Defining the Anti-de Sitter spacetime Metric

In [2]:
syms = sympy.symbols("t chi theta phi")

t, ch, th, ph = syms

m = sympy.diag(-1, cos(t) ** 2, cos(t) ** 2 * sinh(ch) ** 2, cos(t) ** 2 * sinh(ch) ** 2 * sin(th) ** 2).tolist()

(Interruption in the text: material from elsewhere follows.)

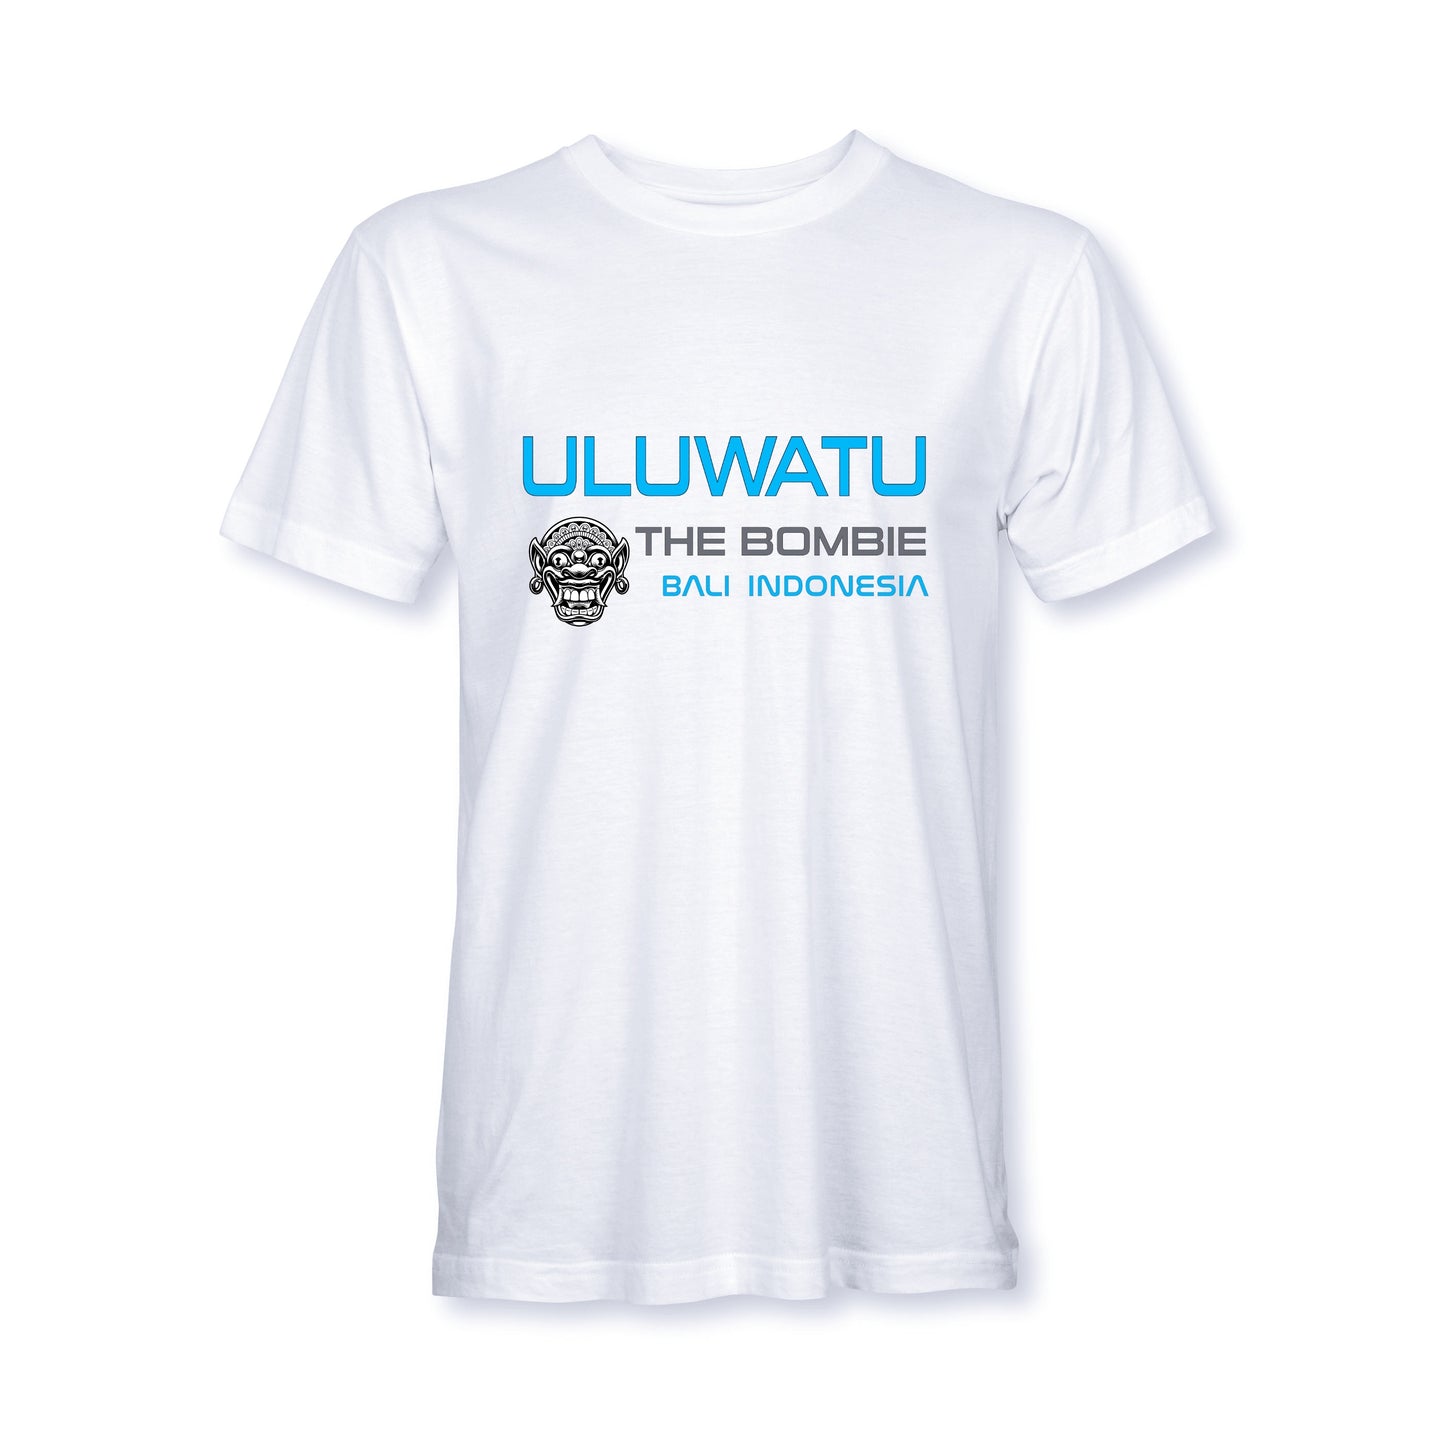 "The Bombie" Uluwatu Bali surf t-shirt

metric = MetricTensor(m, syms)

Calculating the Einstein Tensor (with both indices covariant)

In [3]:
einst = EinsteinTensor.from_metric(metric)

einst.tensor()
Out[3]:
$\displaystyle \left[\begin{matrix}-3.0 & 0 & 0 & 0\\0 & 3.0 \cos^{2}{\left(t \right)} & 0 & 0\\0 & 0 & 3.0 \cos^{2}{\left(t \right)} \sinh^{2}{\left(\chi \right)} & 0\\0 & 0 & 0 & 3.0 \sin^{2}{\left(\theta \right)} \cos^{2}{\left(t \right)} \sinh^{2}{\left(\chi \right)}\end{matrix}\right]$